The insert method is generic over two type parameters: a container builder type that describes how events are batched, and the closure type. Each built-in logging stream has a corresponding builder type alias (like TimelyEventBuilder) that you should use.

The closure signature is FnMut(&Duration, &mut Option<Container>):

  • The &Duration is the elapsed time since worker startup.
  • &mut Option<Container> is Some(container) when delivering a batch of events, or None to signal a flush (e.g., when the worker is about to park or the stream is closing).

Each event in the container is a tuple (Duration, Event) where the Duration is the timestamp at which the event was logged.

You can register a callback for a stream at any point before or after building a dataflow. If you register a callback for a stream name that is already in use, the new callback takes effect for subsequently created loggers but existing loggers continue to use the old callback.

Custom Logging Streams

You can create your own logging streams. Register a stream with insert, then retrieve a Logger handle with get to log events from your application code:

use std::time::Duration;
use timely::container::CapacityContainerBuilder;

timely::execute_from_args(std::env::args(), |worker| {

    // Define a container builder for your event type.
    type MyBuilder = CapacityContainerBuilder<Vec<(Duration, String)>>;

    // Register the logging stream with a callback.
    worker.log_register().unwrap()
        .insert::<MyBuilder, _>("my-app/events", |_time, data| {
            if let Some(data) = data {
                for (ts, msg) in data.iter() {
                    println!("[{:?}] {}", ts, msg);
                }
            }
        });

    // Retrieve a Logger handle to use later.
    let my_logger = worker.log_register().unwrap()
        .get::<MyBuilder>("my-app/events")
        .expect("Logger was just registered");

    worker.dataflow::<usize,_,_>(|scope| {
        // ... build your dataflow ...
    });

    // Log events from your application logic.
    my_logger.log("something happened".to_string());

}).unwrap();

The Logger buffers events internally and flushes them to the registered closure when the buffer reaches capacity, when flush() is called explicitly, or when the logger is dropped.
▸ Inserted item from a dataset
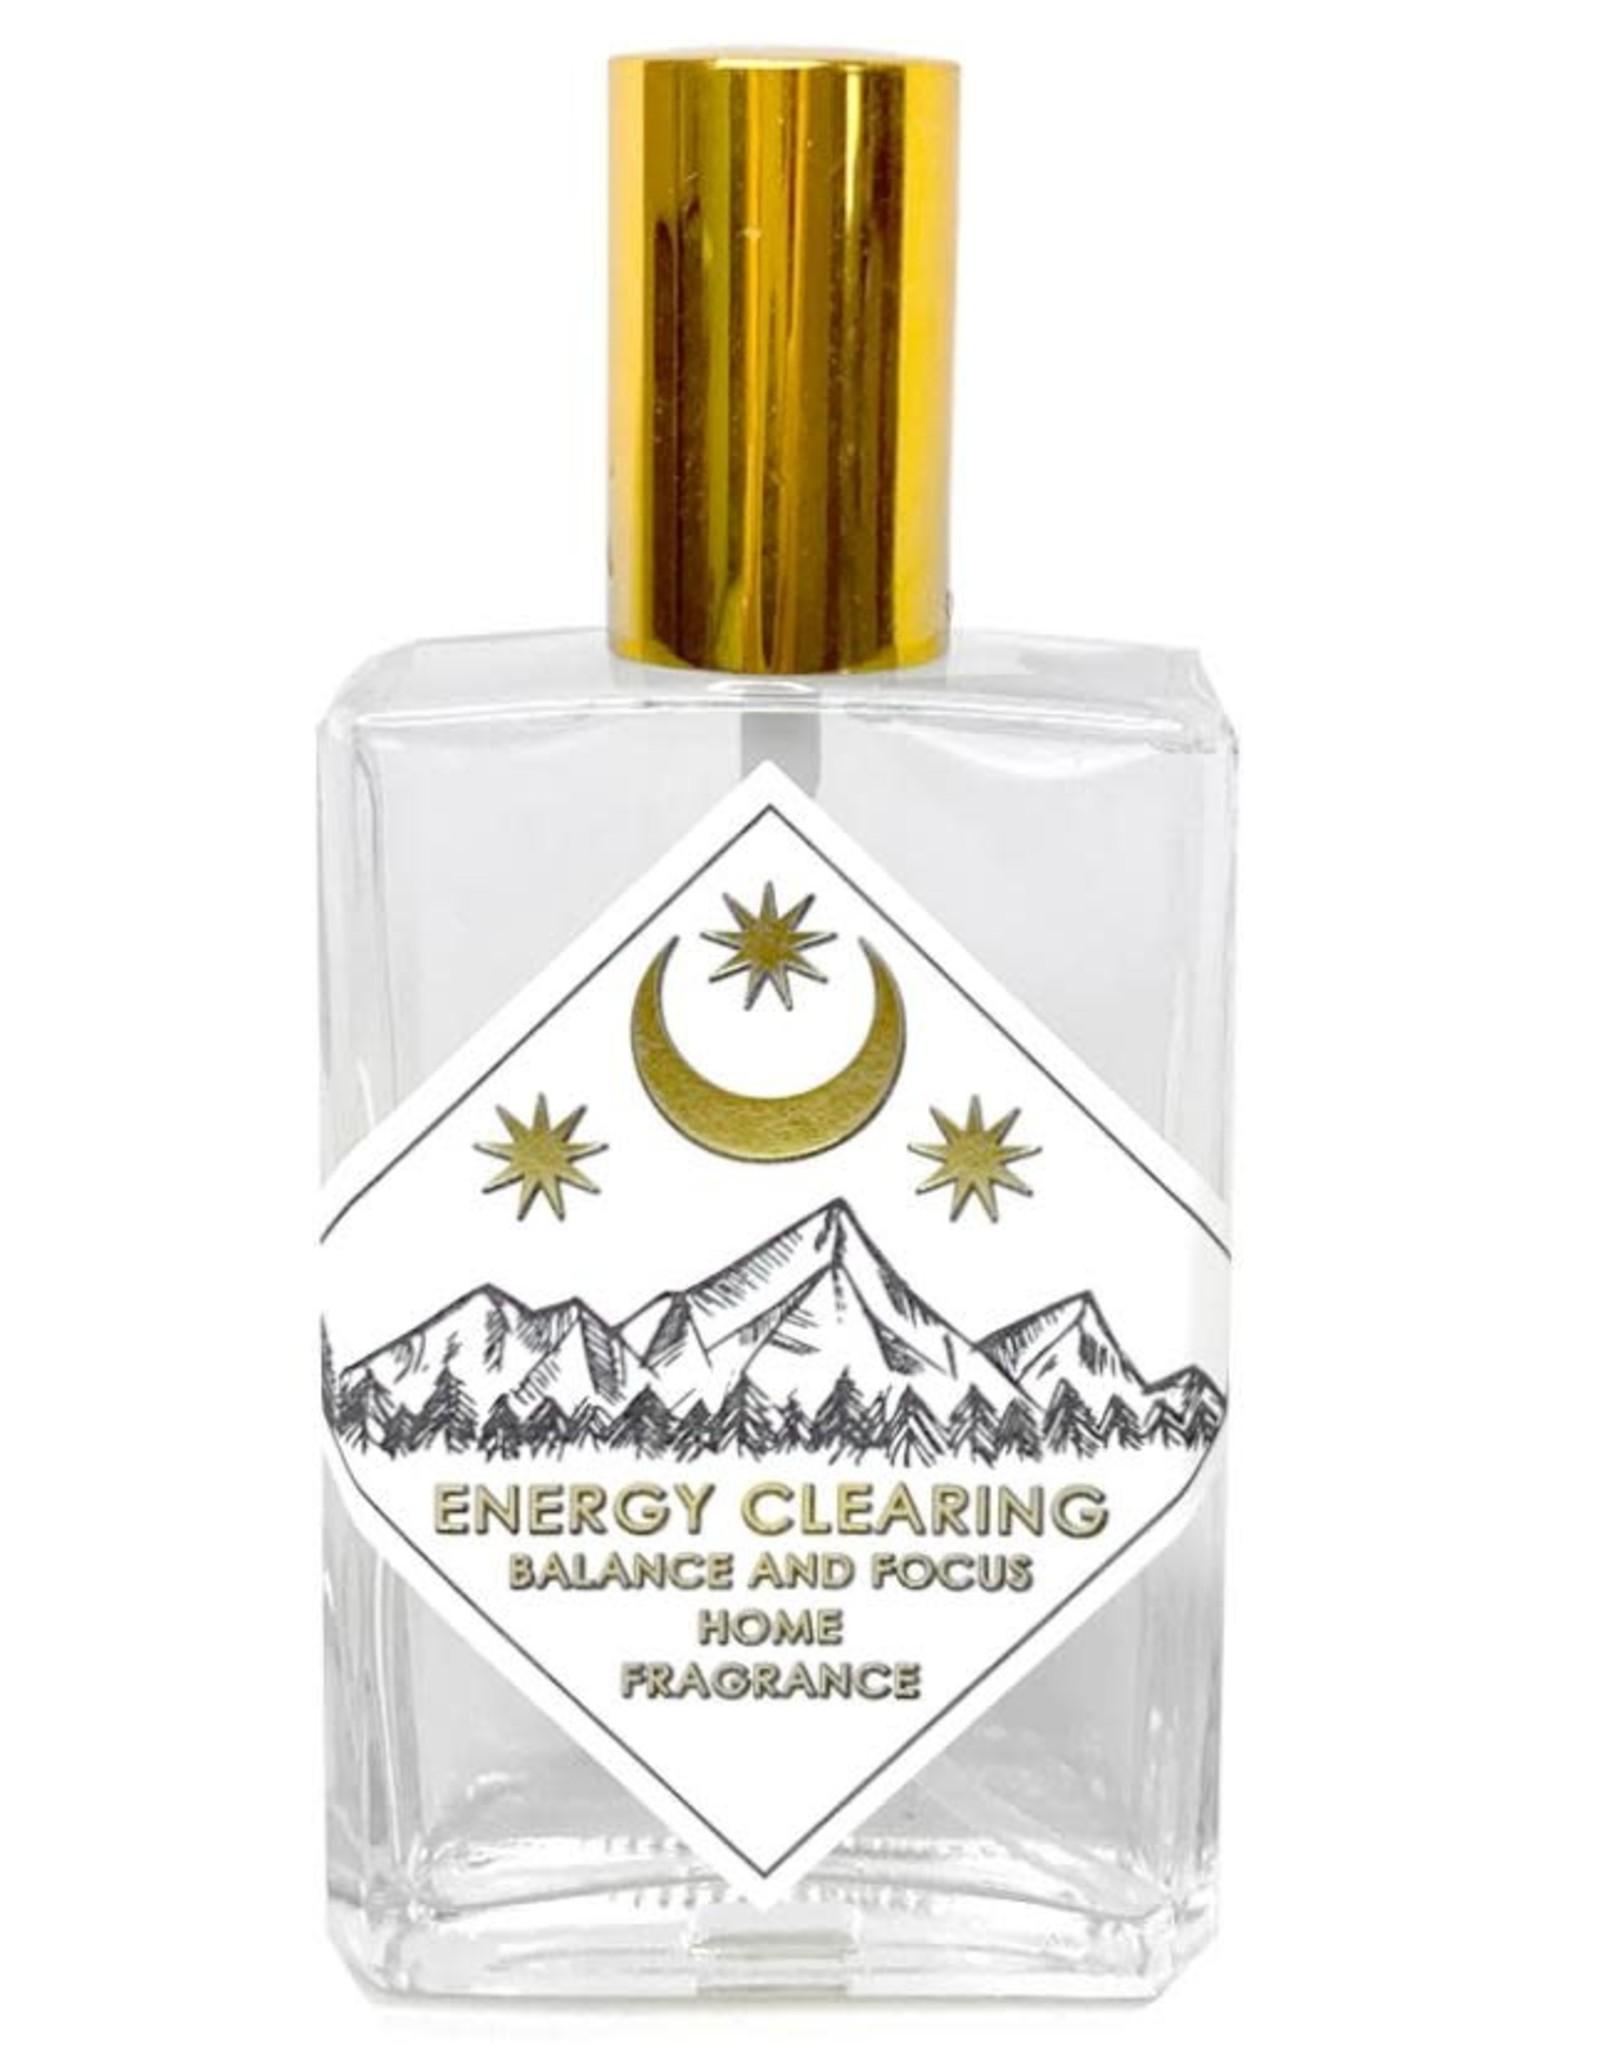 Spi-Gi Energy Clearing Home Fragrance

You can also use BatchLogger to forward events into a timely capture stream for downstream processing via the capture and replay infrastructure.

Communication Thread Logging

The logging described above all runs on worker threads and is accessed through the worker's Registry. In multi-process (cluster) deployments, timely also runs dedicated send and receive threads for TCP networking. These threads have their own logging, configured separately.

Communication logging is configured via the log_fn field in Config::Cluster. This is a closure that receives a CommunicationSetup describing the thread (whether it is a sender or receiver, and which processes it connects) and returns an Option<Logger<CommunicationEventBuilder>>. By default, this closure returns None and no communication events are logged.

The CommunicationEvent enum has three variants:

Variant Description
Setup(CommunicationSetup) Identifies the thread: whether it is a sender or receiver, the local process id, and the remote process id.
State(StateEvent) Thread start or stop. Contains send (is this a send thread), process and remote ids, and start (true when starting, false when stopping).
Message(MessageEvent) Message send or receive. Contains is_send and the message header (which includes channel, source, target, and length).

These events are only relevant when running across multiple processes. For single-process or single-thread configurations, no communication threads are created and these events will not appear.